Why Your Doctor Might Prescribe Food Instead of Medicine

New medical research links diet to serious diseases.

Does your daily diet include walnuts, almonds and sunflower seeds? What about kale, cauliflower and whole grains like buckwheat and millet?

If not, perhaps you might want to re-think your eating habits. New research published in the Journal of the American Medical Association on March 7, 2017, finds that these foods decrease your risk of dying from heart disease, stroke, and type 2 diabetes. The study, funded by the National Institutes of Health at 27 sites across the country, is the most comprehensive study ever on diabetes prevention.

According to the study, one out of every two deaths from heart disease, stroke or type 2 diabetes are linked to poor diet—that means 1000 deaths per day. Poor diet means too many carbohydrates, sweets and products made from white flour, and not enough fruits, nuts, whole grains and vegetables.

pixabay public domain
Source: pixabay public domain

No wonder that some doctors are now meeting with their patients in the kitchen—like Nicole Farmer, M.D. in Maryland, founder of the program “Physician’s Kitchen". In this program doctors meet with patients in the kitchen and instruct them in cooking healthy foods.

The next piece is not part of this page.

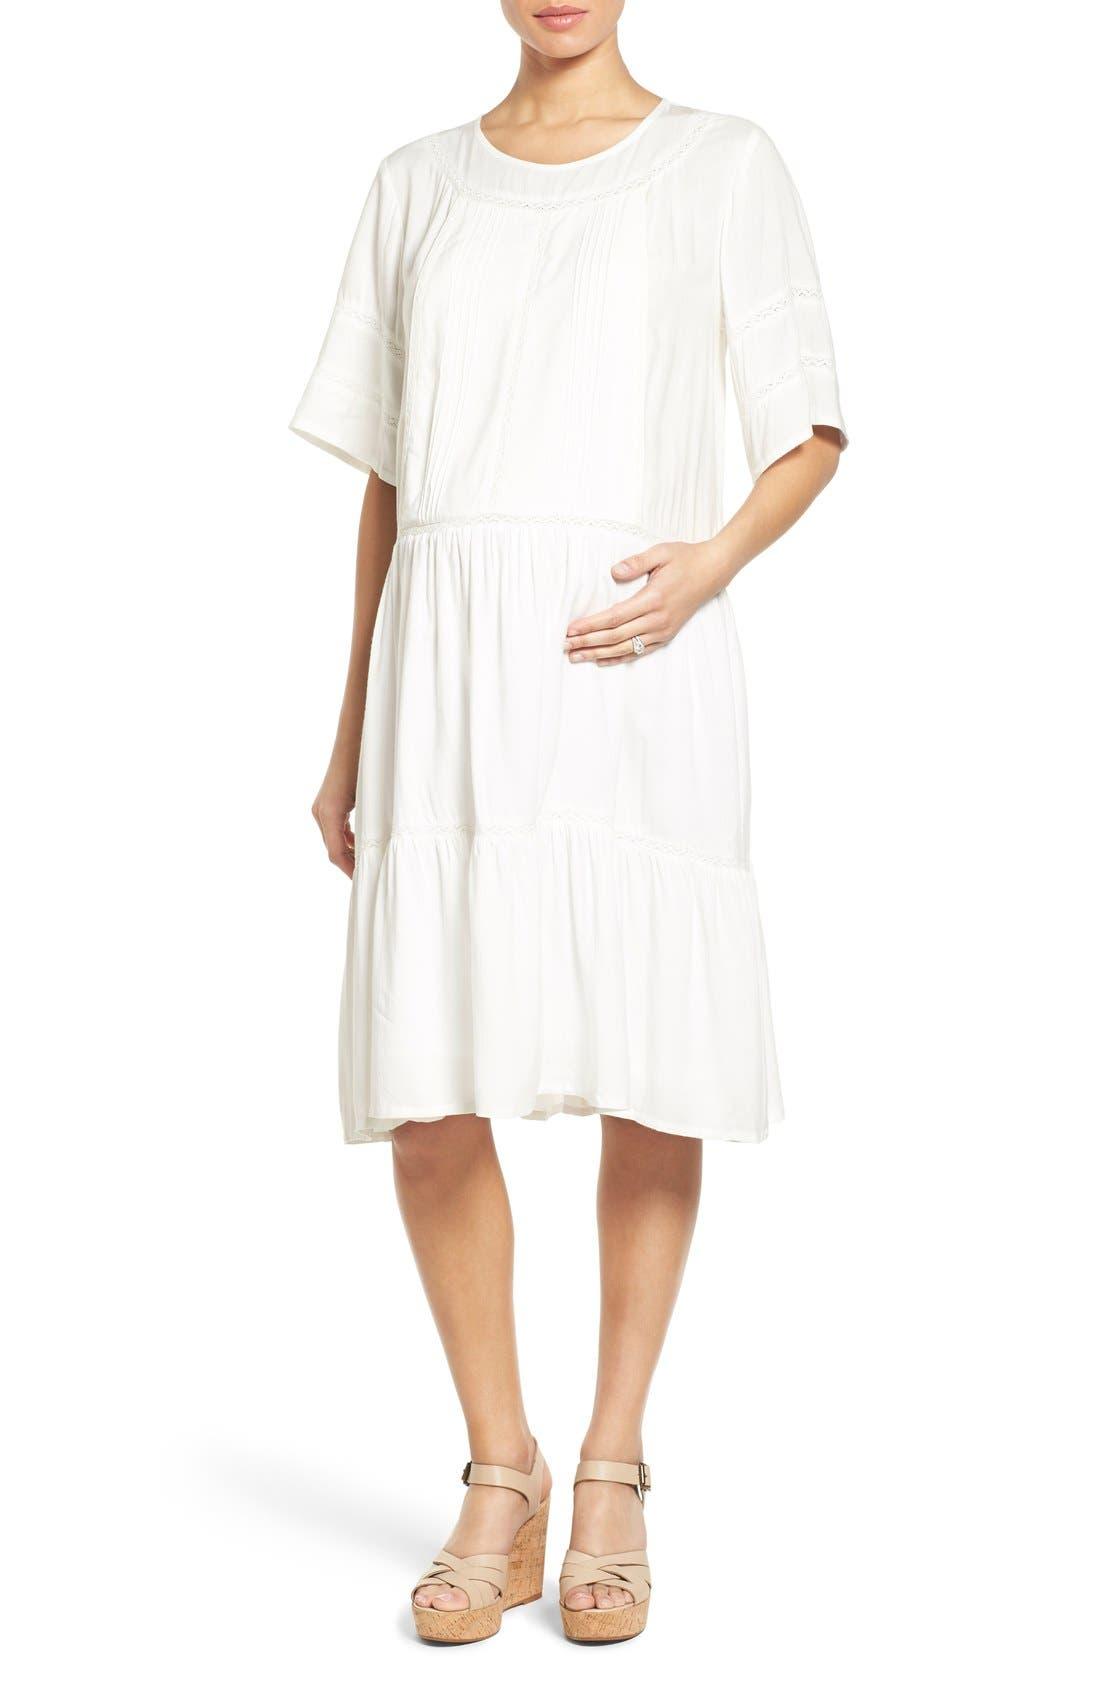 Main Image - Fillyboo 'Wild at Heart' Maternity/Nursing Midi Dress

According to Dr. David Eisenberg at the Harvard School of Public Health, there is evidence that specific foods keep you healthy and other foods increase the risk of your getting cancer, heart disease and diabetes 2.

Recently, the Harvard School of Public Health got together with the Culinary Institute of America to sponsor a crash course to teach doctors how to build food into their medical practice.

pixabay public domain
Source: pixabay public domain

Doctors learned tasty recipes for foods that can prevent and even reverse serious disease.These include recipes to titillate the taste buds and at the same time promote health—like "Tagine Of Salmon With Preserved Lemons And Caper Berries" and "Millet Porridge with Lemon Curd and Sunflower Seeds."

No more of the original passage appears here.